Nice exBieriment, but I‘m unclear as to why you fermented with a lager yeast at 20°C. This temperature is also outside the range give by the manufacturer.
also, Kölsch is an Ale, so I‘m also unclear as to why you fermented with a Lager yeast.
It’s fairly common to treat Kolschs like a cream ale. “Too cold” for an ale or “too high” for a lager. Either way you are getting minimal ester production. I like using White Lab’s Cream Ale Blend WLP080. Clean, clean, clean and clean.
Also, thank you for doing this. I haven’t used secondary in nearly a decade, unless I’m doing an extended bulk aging. If I age a barley wine in bottles or a keg, there isn’t enough left in November – March.
My personal opinion, like a lot of stuff, the moving of the beer is a hold over from the “dark days” of homebrewing. From ’77 to the late 80’s you were luck to find yeast that was only a little expired and you never new how old your cans of Minton’s were. It was probably necessary to move it.
I believe WLP 080 is actually a *blend* of a lager and an ale yeast.
Is the recipe correct? I don’t worry much about style guidelines but that recipe is a dead ringer for a (delicious) helles, vs a kolsch (Munich malt not wheat, Augustiner yeast not a kolsch yeast…)
Love these experiments, however it is always a pale lager or something simple.I would guess people are dry hopping or whirlpooling, so why not do that test and include those findings?
When I look at the method I would argue that both beers were on trub. One just had more. Therefore, I am not surprised that no difference was detected. To avoid this issue a power filtration and force carbonation is needed. I bottle my beers and they always have sediment: mini-trub. Some I keep for many months with no off flavours. Salud!
I’m one of those who serve directly from the fermenting keg. The 6 gallon kegs are perfect for a 5.25 gallon batch, can immediately be cold crashed on gas when fermentation is complete, and if you add a spunding valve to the mix it starts the crash partially carbonated. Floating dip tubes complete the setup. No transfers is better than any transfer, and there’s one less keg to clean and sanitize.
I’ve never detected off flavors, but love the experiment to get some independent verification – thanks for doing it.
Awesome! I serve straight from my Fermzilla. Would be intrigued to see if similar results would happen with a massive dry hop…
I’ve made Kolsch about a dozen times and from these batches the thing that I found made the biggest improvement was using Kolsch yeast and fermenting in the stated temperature range of this hybrid.

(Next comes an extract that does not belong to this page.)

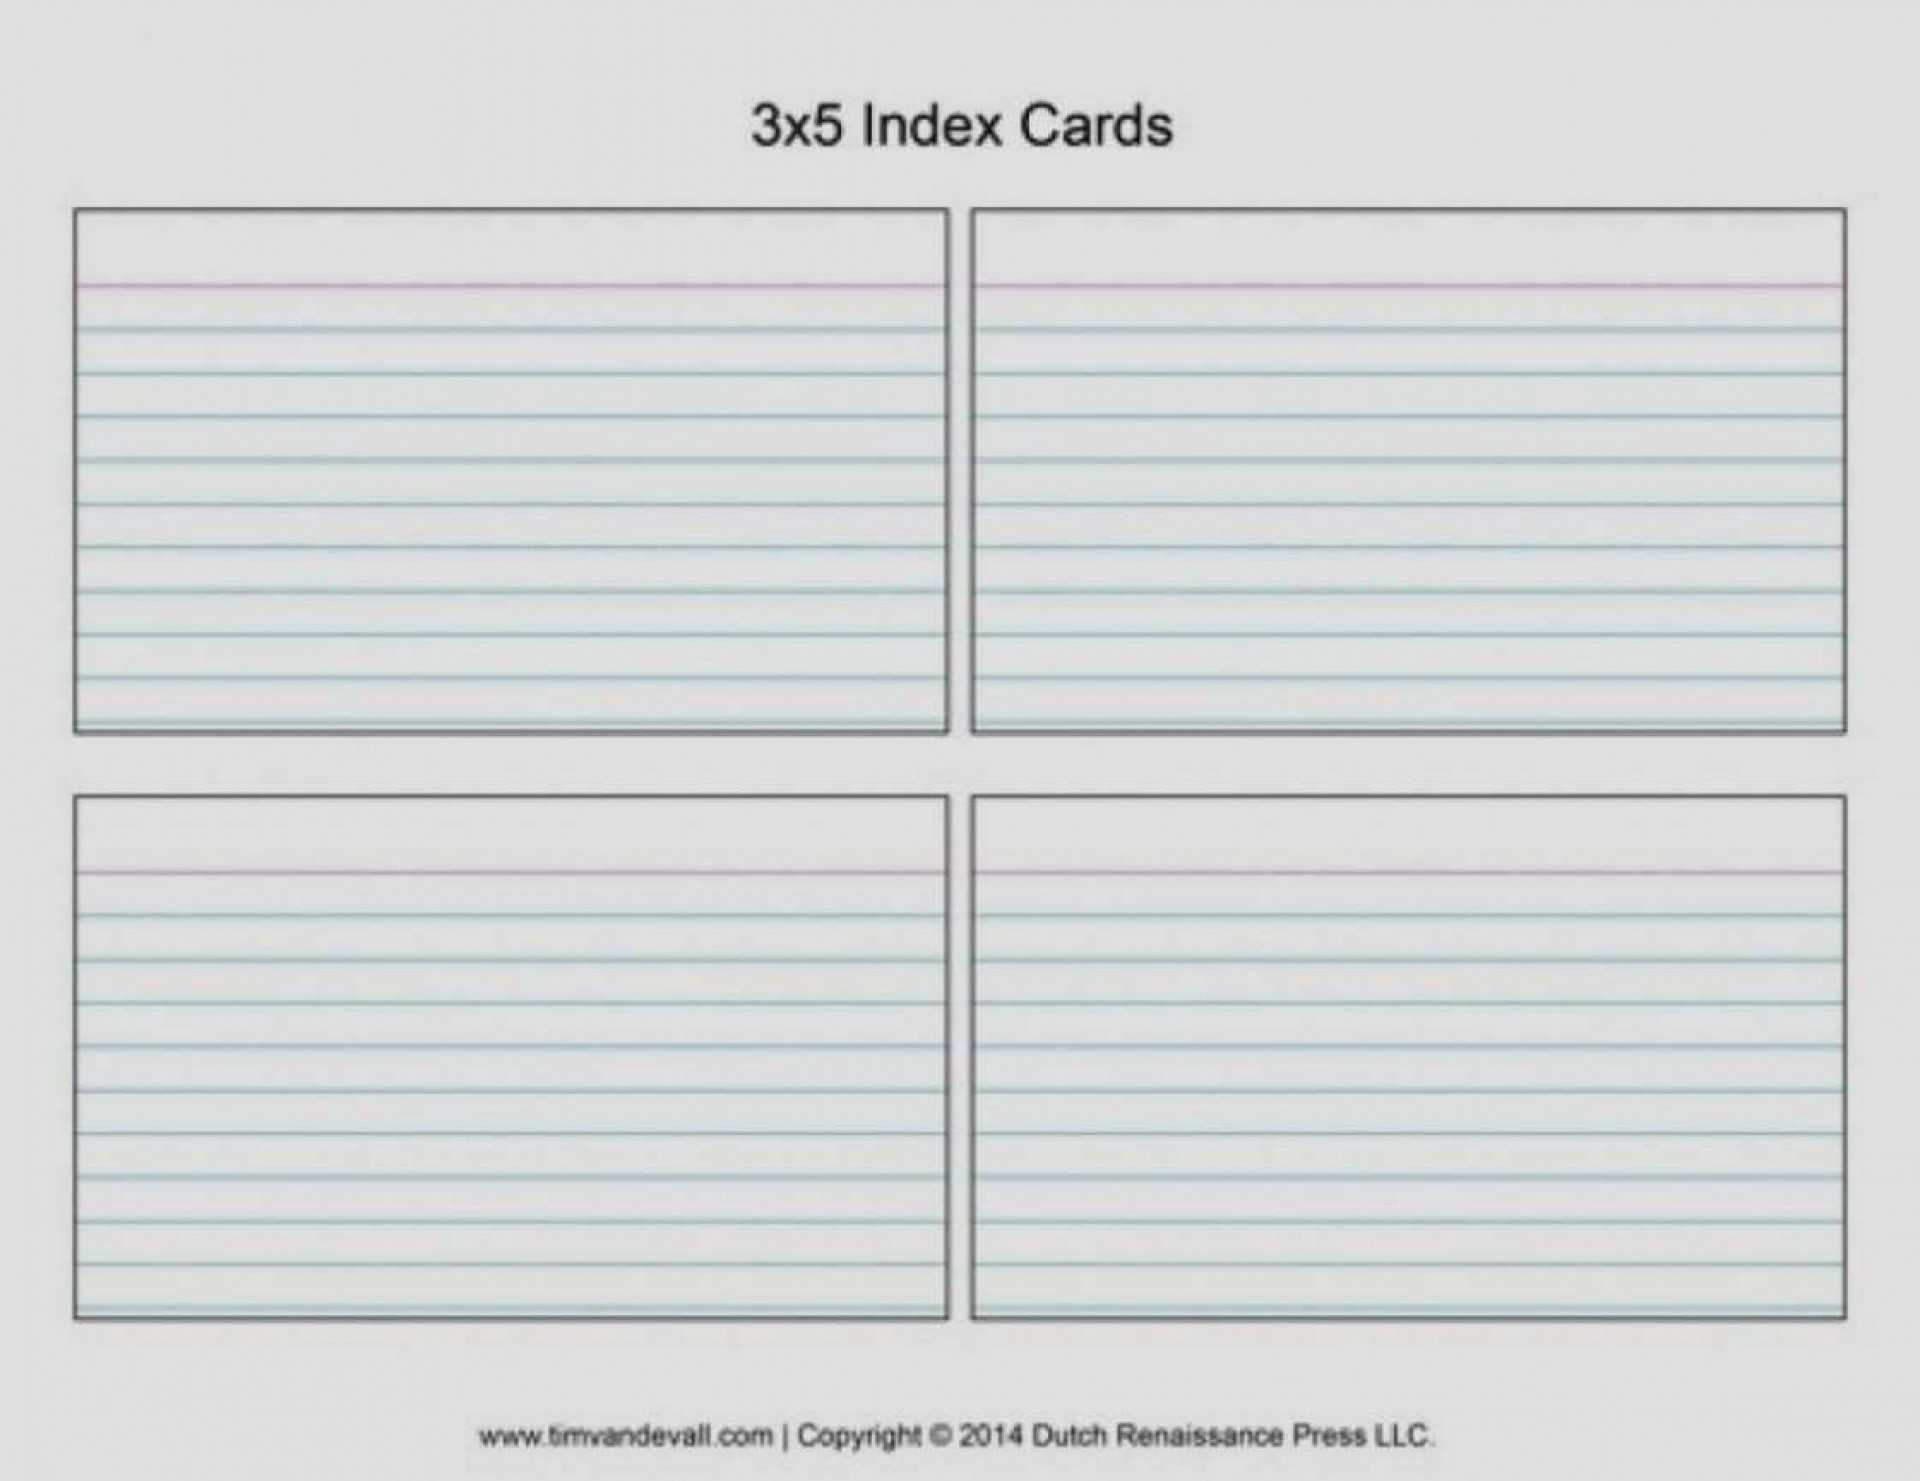 3 X 5 Index Card Template - Cumed With Regard To 3 X 5 Index Card Template

Order of preference for Kolsch yeast: Wyeast 2565, Wyeast 2575, Imperial G03, White Labs WLP029.
Without Kolsch yeast I don’t think you can say it is a Kolsch. Otherwise, how is the above recipe different than a Helles or German Pilsner? The real eye opener for me was a trip through Germany. When you get to Koln there is no way that you ever think you are drinking a Helles or Pilsner. A fresh bottle of Früh also makes the difference very plain.
I’ve been pressure fermenting and serving out of the same corny keg for 3-ish years now. If I had a dollar for every one who has tried to lecture me about “yeast autolysis off flavors” I’d have a decent chunk of change at this point.
As a homebrewer of 15 yrs these have been the best beers I’ve ever made at home. I end up drinking the 5 gallon keg either by myself or with friends in about 2 or less months after it’s ready and I’ve never experienced off flavors from them during this timeframe.
I’ll never go back to cleaning separate FVs for my homebrews.
Why or why not, given the forgiving lager yeast fermenting warm option …. use lager and ale yeast together … ale yeast working the top the lager yeast the bottom?